The results of the dissolution test are summarized in Tables 5-1 and 5-2.

[Test Example 2]
The dissolution rate of the tablets of Examples 7 and 8 was evaluated by the Japanese Pharmacopoeia Dissolution Test Method 2 (paddle method) using a test solution of water prepared by the method described in the Pharmacopoeia of Japan.
Using a dissolution tester (NTR-6200A, manufactured by Toyama Sangyo Co., Ltd.) and an ultraviolet-visible spectroscopic watch (UV-1700, manufactured by Shimadzu Corporation), the test solution volume is 900 mL, the test solution temperature is 37 ± 0.5 ° C., and the paddle is rotated. The elution rate was evaluated by setting the number to 50 rpm and the measurement wavelength to 254 nm.
The results of the dissolution test are summarized in Table 6.

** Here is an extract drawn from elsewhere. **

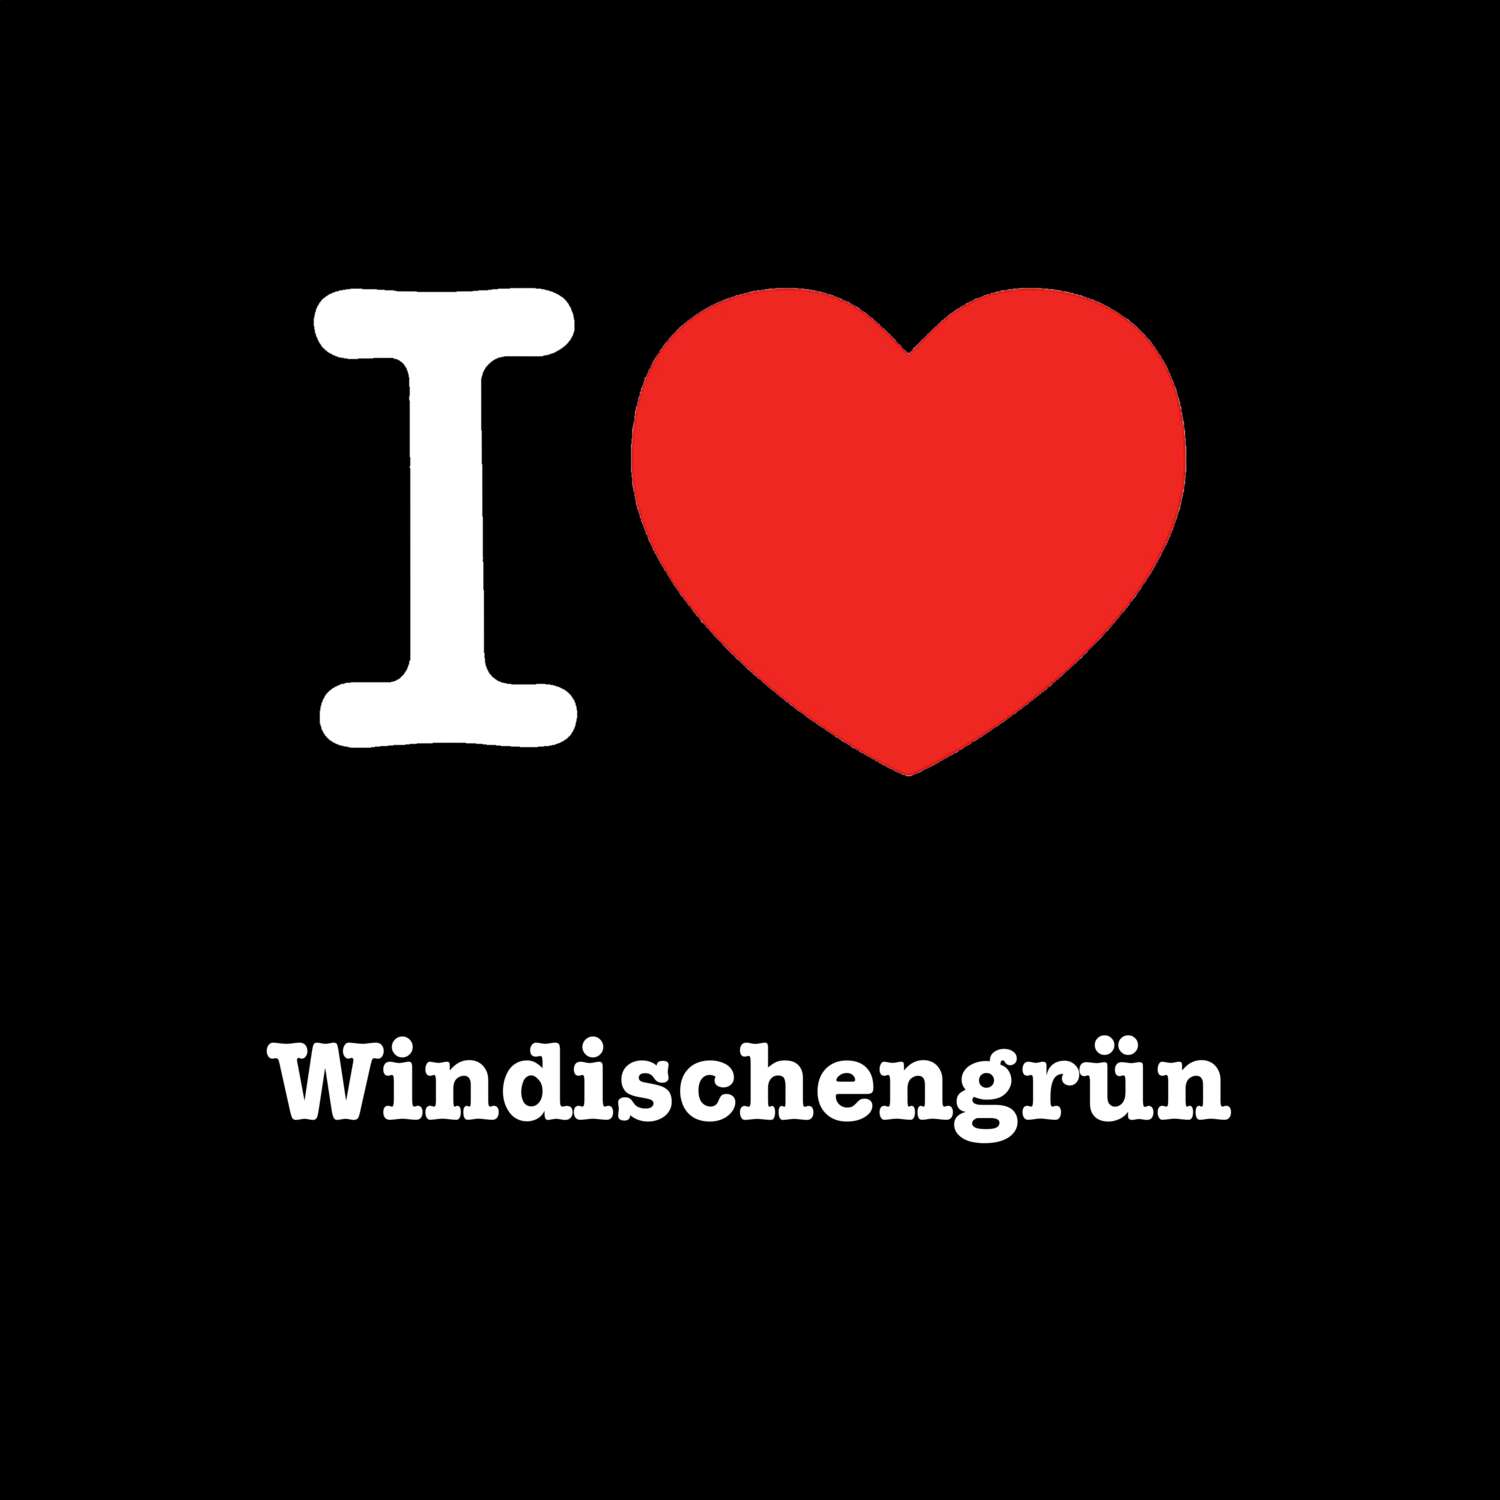 Windischengrün T-Shirt »I love«
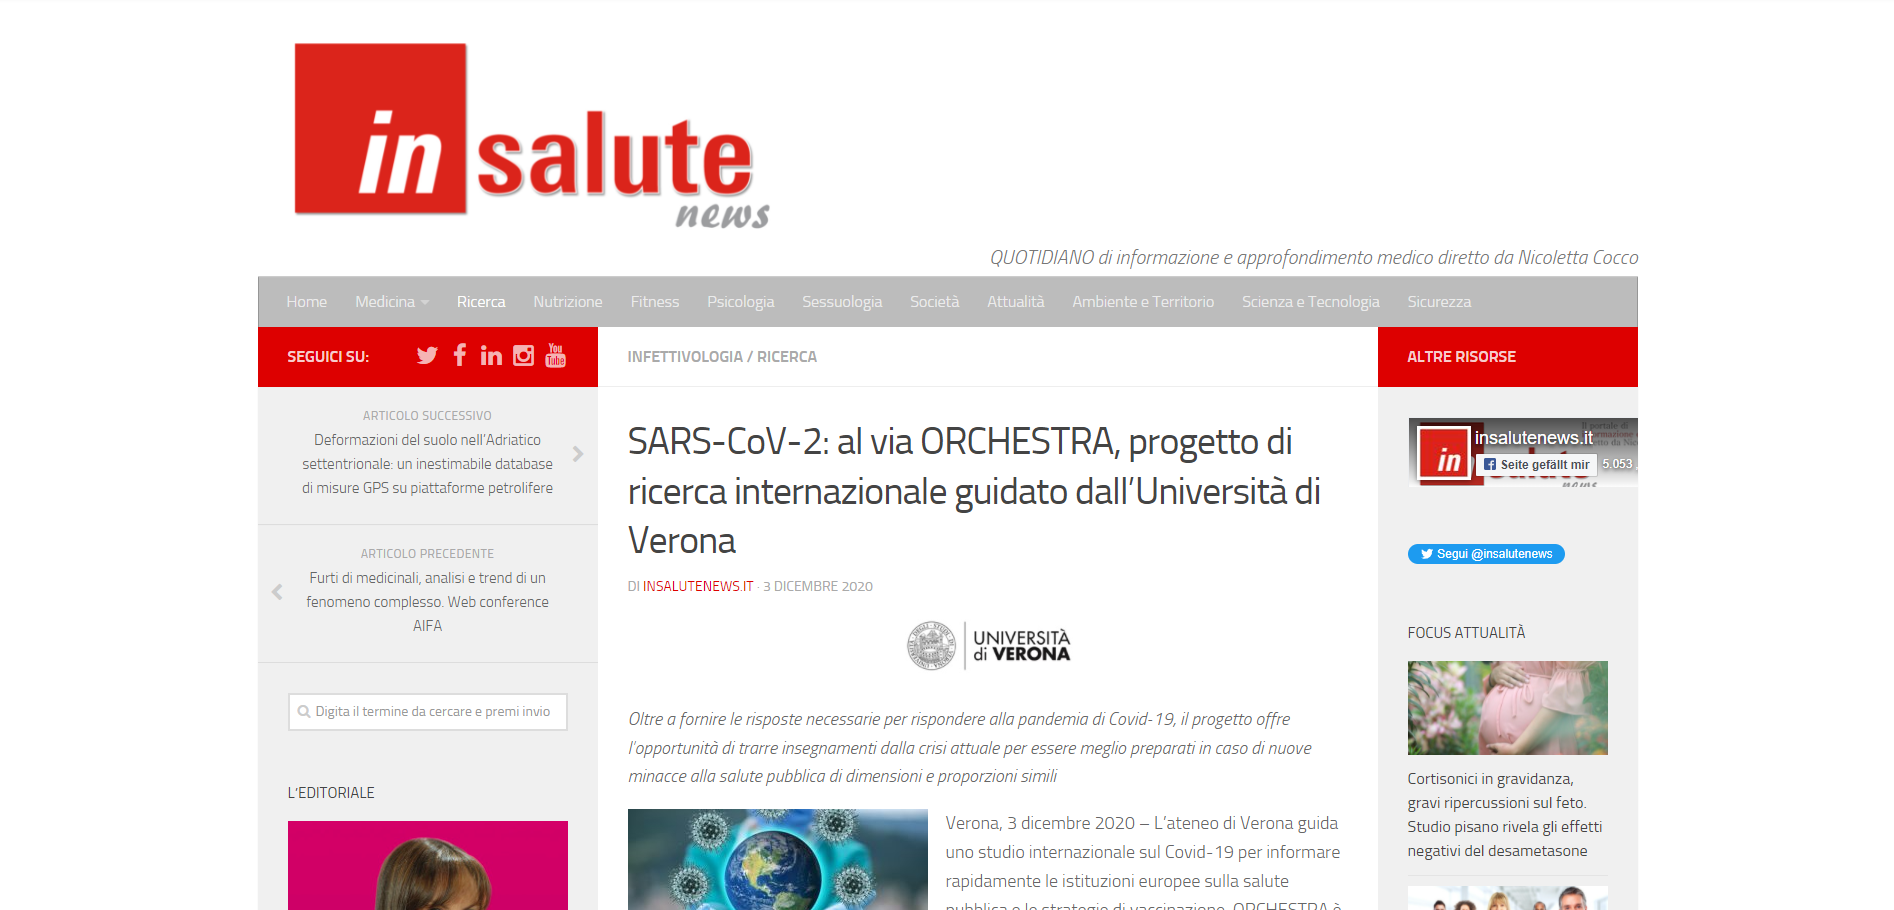 SARS-CoV-2: al via ORCHESTRA, progetto di ricerca internazionale guidato dall’Università di Verona

The tablets of Examples 1 to 7 had a dissolution rate of erlotinib hydrochloride of 23% or more after 20 minutes in a test solution of pH 1.2 prepared by the method described in the Japanese Pharmacopoeia with the addition of 1% polysorbate 80. It was confirmed that after 30 minutes, 26% or more, after 60 minutes, 35% or more, after 90 minutes, 42% or more, and after 120 minutes, 46% or more. Further, the tablets of Examples 8 to 11 also had a dissolution rate of erlotinib hydrochloride of 23 after 20 minutes in the test solution of pH 1.2 prepared by the method described in the Japanese Pharmacopoeia with the addition of 1% polysorbate 80. %, 26% or more after 30 minutes, 35% or more after 60 minutes, 42% or more after 90 minutes, and 46% or more after 120 minutes. In particular, it was confirmed that the elution in the final stage was faster than in Comparative Example 1 and the rising of the elution in the initial period was faster than in Comparative Example 2. It was shown that the pharmaceutical tablet of the present invention is an erlotinib hydrochloride preparation in which the dissolution of erlotinib hydrochloride is excellent.
It was also shown that by applying the amino group-modified polymer derivative, the elution property in the neutral region of pH 6 to 8 can be controlled so as to be suppressed, and the optimum elution rate can be adjusted.

Claims (7)

A pharmaceutical tablet containing erlotinib hydrochloride and carboxymethyl cellulose and / or calcium carboxymethyl cellulose. The pharmaceutical tablet according to claim 1, which contains carboxymethyl cellulose and / or calcium carboxymethyl cellulose in an amount of 5 to 20% by mass based on the total amount of the pharmaceutical tablet. The pharmaceutical tablet according to claim 1 or 2, which contains crystalline cellulose. The pharmaceutical tablet according to any one of claims 1 to 3, which contains 50 mg or more and 200 mg or less of erlotinib per tablet. The pharmaceutical tablet according to any one of claims 1 to 4, which contains an enteric polymer having a solubility at a pH of 5.5 or more. The pharmaceutical tablet according to claim 5, wherein the enteric polymer having solubility at pH 5.5 or higher is a (meth) acrylic acid copolymer. 7. The pharmaceutical tablet according to any one of claims 1 to 6, wherein erlotinib hydrochloride is a type A polymorph.